THE SPIES OF WARSAW

By Alan Furst
New York: Random House, 2009
ISBN # 978-0-8129-7737-0
266 pages

Comments by Bob Corbett
February 2011

This is an exciting, yet much more realistic spy novel that most I have ever read. At one time in my life, quite a few years ago, I sort of relished the Robert Ludlum-type spy novels. But, eventually the absurdity of them, the excessive amount the bad guys knew about the good guys, and the crazy escapes of the good from the bad just wore out my ability to suspend disbelief and go with the flow.

But this novel by Alan Furst seems really believable to me. Set in 1937-38 in Poland, a French spy makes his rounds of cocktail parties and other gatherings to glean bits and pieces of gossip and information, now and again following up on it in a more formal way.

But he is not a James Bond. Rather he is French Colonel Jean-Francois Mercier, a contemporary of Charles DeGaulle, but much less successful. He is working in Warsaw in 1937. He begins to gather ambiguous data that suggest the Germans, who all know are preparing for war, will not use the same tactics as they did in WWI, attacking frontally.
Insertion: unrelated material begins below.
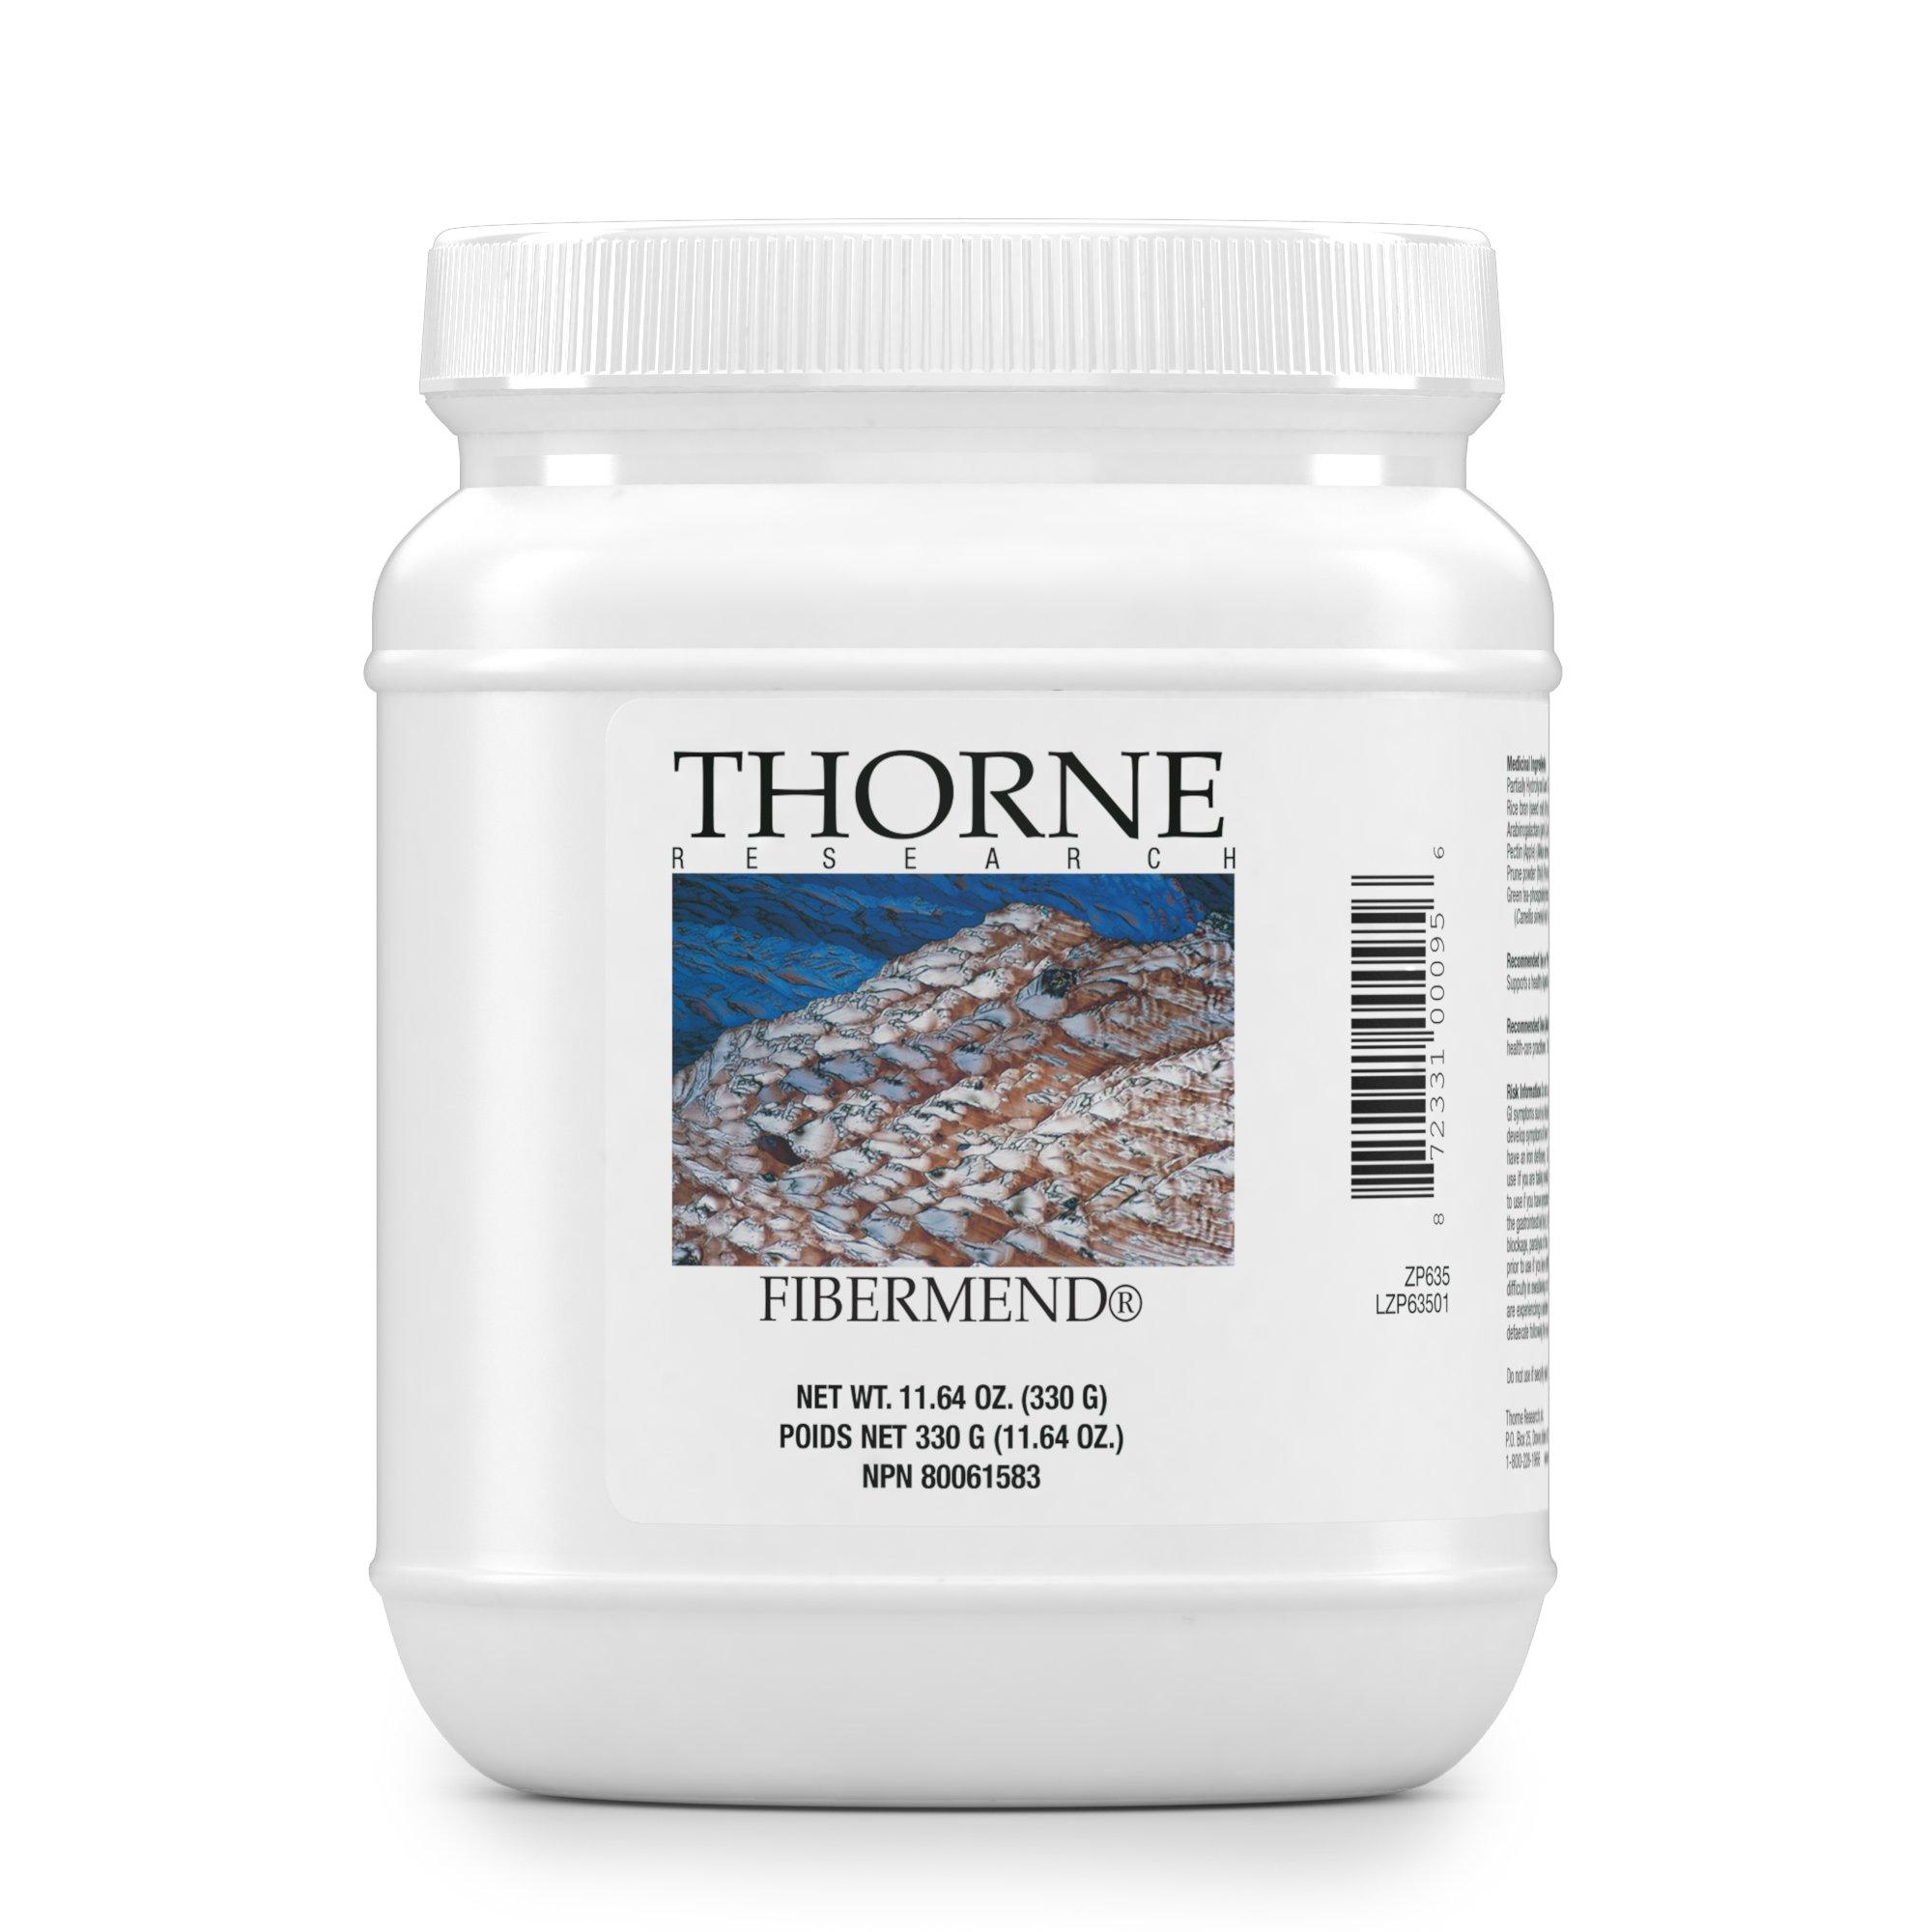 Thorne Research - FiberMend - Prebiotic Fiber Powder to Help Maintain Regularity and Balanced GI Flora - 11.6 oz.

He comes to suspect they will somehow attack with tanks via forests routes. This is counter-intuitive and not what his superiors want to hear, nor can they easily be persuaded to this seemingly impossible tactic.
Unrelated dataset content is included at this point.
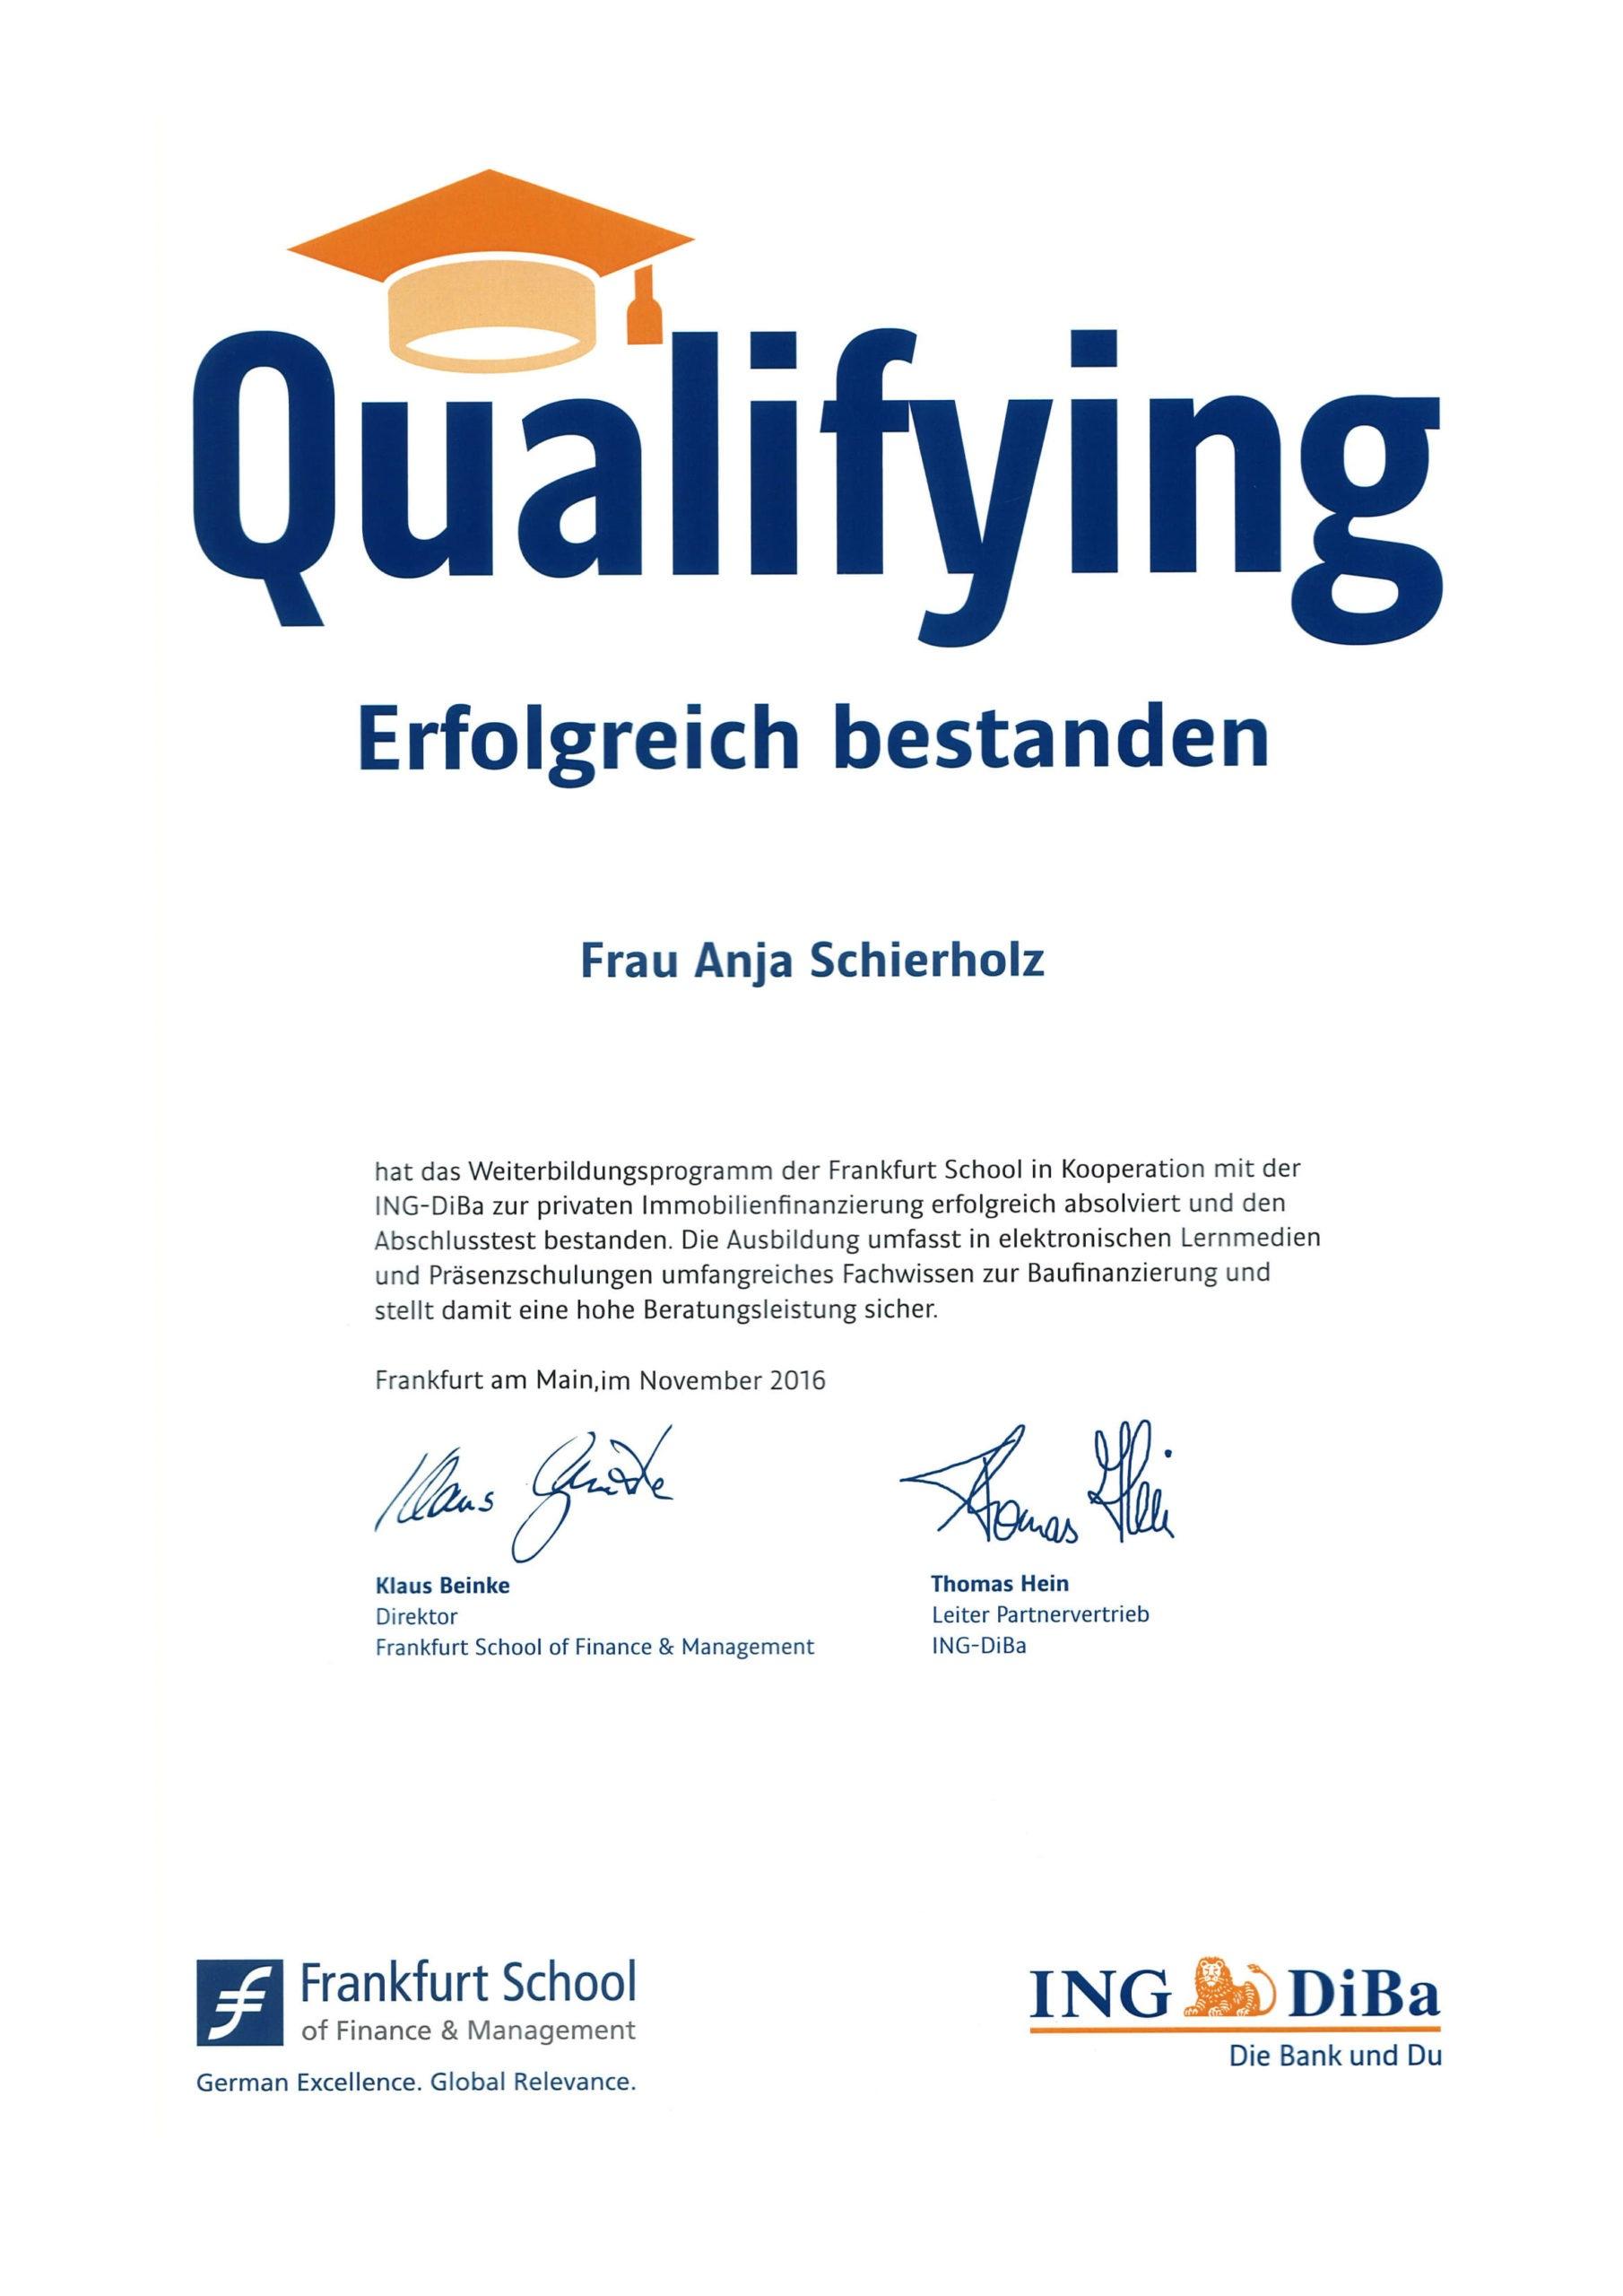 Urkunde-Anja-Willumeit-Frankfurt-School_Capitalium-Finanberater-Baufinanzierung-Hamburg-Kredit-Immobilienkauf-Matthias-Drews-Baufi

Unlike the Robert Ludlums of fiction of the James Bonds of movies, any one of us might be Jean-Francois Mercier. We are not so handsome as Bond, nor as violently successful as Jason Bourne of the Ludlum novels. But, many of us might be as inquisitive, clever and dedicated to duty as Mercier. Thus he is a more realistic model for how to spy!

We follow him as he develops and follows his suspicions, and as he fights with the French central command which regards his ideas as preposterous. Even when he seems to find evidence that his view is correct they choose to write him off as being duped by a scheme of disinformation on the part of the Germans.

No matter the outcome, this is an intelligent, gripping and delightful read. I highly recommend it. It’s not great literature by any means, but it is a fun three or fours days of suspenseful reading.